And that was not all. As my 2010 story on the Graves case explained in greater detail, Sebesta also scared off Graves’s alibi witness during the trial by suggesting that she, too, might be charged in the Davis murders. Terrified, she refused to testify. (She was never charged.) He also pressured Carter into testifying against Graves after he refused. “Sebesta told Carter that if he didn’t testify against Anthony, he would prosecute Carter’s wife instead,” said Graves’s attorney, Nicole Cásarez. (Carter’s wife, Cookie, was arrested and charged with capital murder but never tried.) “He twisted Carter’s arm to ensure that he got a conviction,” Cásarez said. Which he did. Graves was found guilty and spent eighteen years behind bars, twelve of them on death row, before he was released in 2010 and exonerated by an act from the Texas Legislature.
And yet the State Bar of Texas, which is supposed to discipline attorneys who commit ethical violations, did not take any action against Sebesta—even after the Fifth Circuit ordered that Graves be given a new trial, citing the fact that the district attorney had withheld favorable evidence and used false testimony to win.
Houston attorney Robert Bennett filed a grievance with the bar after the Fifth Circuit handed down its ruling in 2006, alleging that Sebesta had committed a host of ethical violations. But the bar summarily dismissed the complaint without even a hearing, stating in a letter to Bennett that “there is no just cause to believe that [Sebesta] committed professional misconduct.”
Bennett, who is usually on the other side of such cases—he specializes in defending attorneys in disciplinary proceedings—was taken aback. “The bar gave him a free pass,” Bennett told me. “At the very least, they should have investigated further, given the importance of the case.”
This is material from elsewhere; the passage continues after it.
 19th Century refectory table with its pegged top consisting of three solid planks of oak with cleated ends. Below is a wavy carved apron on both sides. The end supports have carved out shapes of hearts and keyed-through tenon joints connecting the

Then again, the bar’s track record for disciplining prosecutors is abysmal. “In ninety-one criminal cases in Texas since 2004, the courts decided that prosecutors committed misconduct, ranging from hiding evidence to making improper arguments to the jury,” noted Brandi Grissom of the Texas Tribune last year. “None of those prosecutors has ever been disciplined.”
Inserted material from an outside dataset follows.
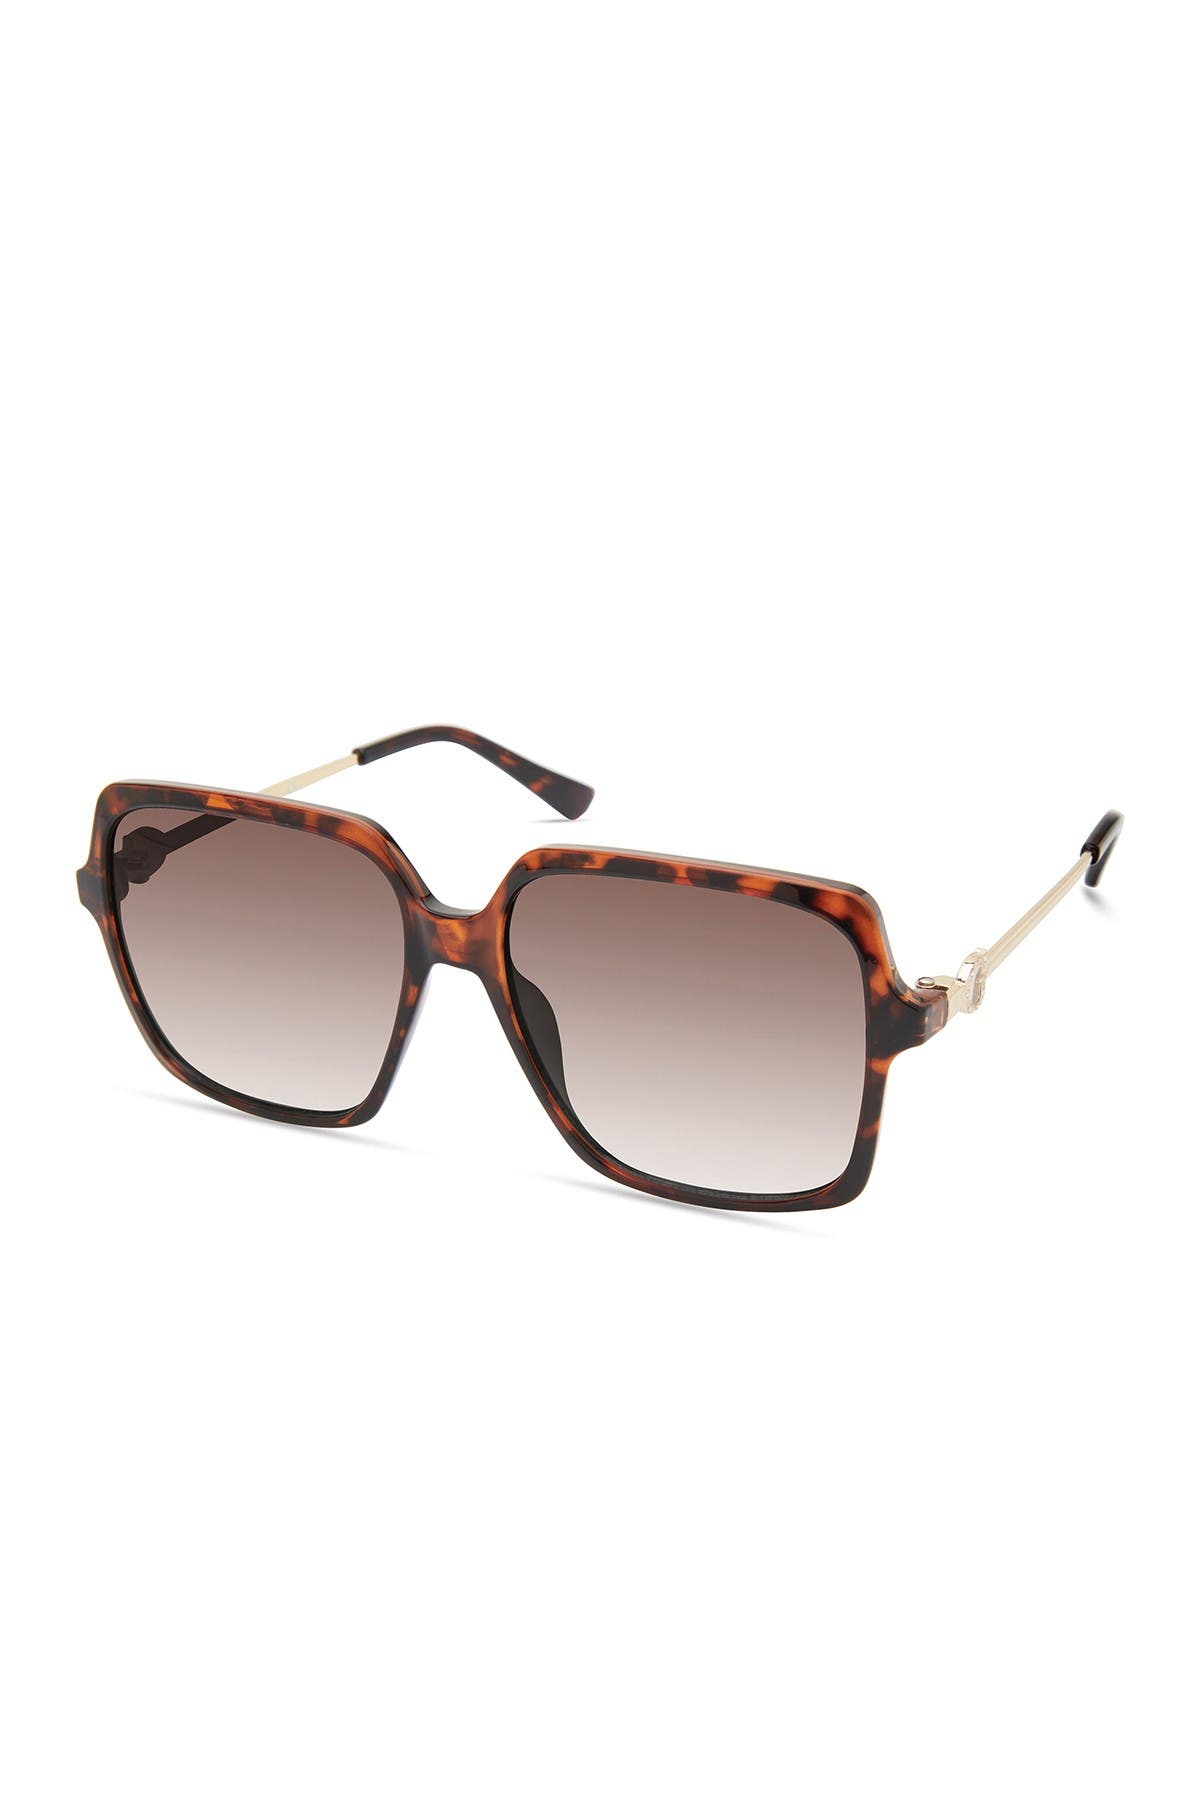 Guess 56mm Square Sunglasses In Dhav/brng

Sebesta has always maintained that the bar dismissed the grievance against him for one simple reason: the agency determined that he had done nothing wrong. “For the Record,” his website states, “there was never any ‘Prosecutorial Misconduct’ on my part—not then and not now, and anyone wishing to verify that, can check with the State Bar of Texas.”
So I recently decided to do just that. I began by contacting Linda Acevedo, the bar’s chief disciplinary counsel, to see if she could comment on why the grievance had been dismissed. She emailed me that she could disclose little, due to confidentiality issues, but explained why the grievance went nowhere. “This dismissal was based on the fact that the complaint was brought forth well beyond the four-year statute of limitations our office is bound by,” she wrote.
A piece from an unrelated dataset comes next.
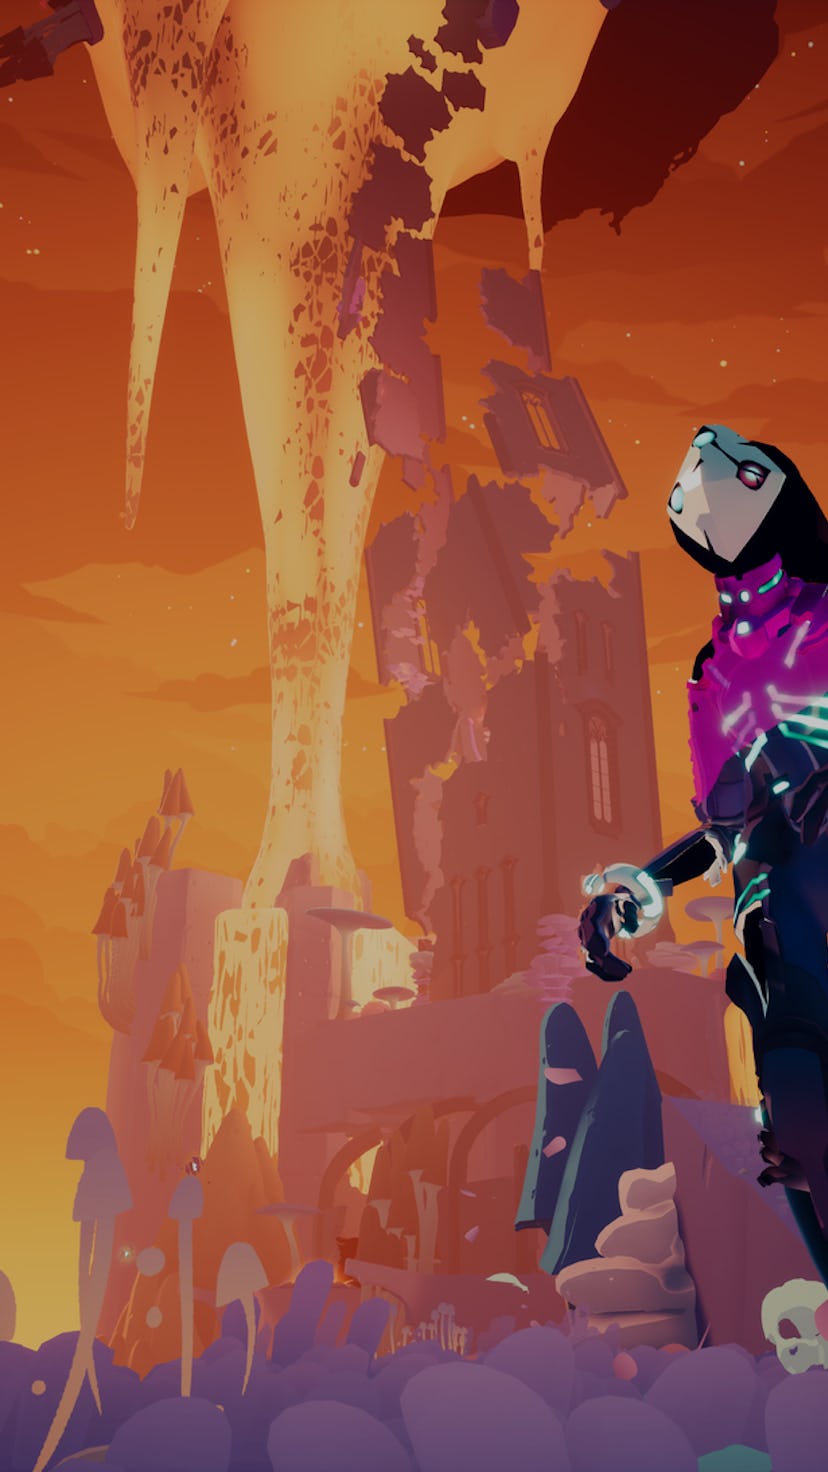 A screenshot from the game Solar Ash showing a futuristic looking person standing against an orange ...

In other words, the bar never cleared Sebesta of wrongdoing, as he has suggested for years. It never made any determination as to whether or not he had violated the rules of professional conduct. It simply took no action because the statute of limitations on those violations—including withholding favorable evidence and eliciting perjured testimony—had run out.
As for the letter that the bar had sent Bennett stating that there was “no just cause” to believe Sebesta committed professional misconduct, Acevedo cautioned not to take that wording too literally. The letter Bennett received did not exonerate Sebesta; it was only “the standard dismissal letter used by our office,” she wrote, and “did not specify the basis for the dismissal.”
Given that the bar never absolved Sebesta, I asked Acevedo if Sebesta could face sanctions for claiming that the agency had cleared his name. (Attorneys must abide by the Texas Disciplinary Rules of Professional Conduct, which forbids them to falsely represent themselves to potential clients.) I pointed out that Sebesta’s website includes many misleading statements, such as:
- “The State Bar cleared Sebesta of any wrongdoing in the case.”
- “Had I withheld evidence in the Graves Trial, ‘sanctions’ would and should have been appropriate. But that did not happen and the State Bar of Texas obviously agreed with their dismissal of the grievance!”
- “The [bar’s] Grievance Committee said the allegations ‘Lacked Just Cause’ to proceed, which in layman’s terms means that there was no evidence to justify a formal hearing.”
No, Acevedo told me, Sebesta would not face disciplinary action from the bar for making such claims. The rules of professional conduct, she wrote, are “aimed at regulating attorney advertising and . . . communications regarding an attorney’s legal services.” So even though he falsely represents the bar’s findings on his website, he will face no repercussions from the bar.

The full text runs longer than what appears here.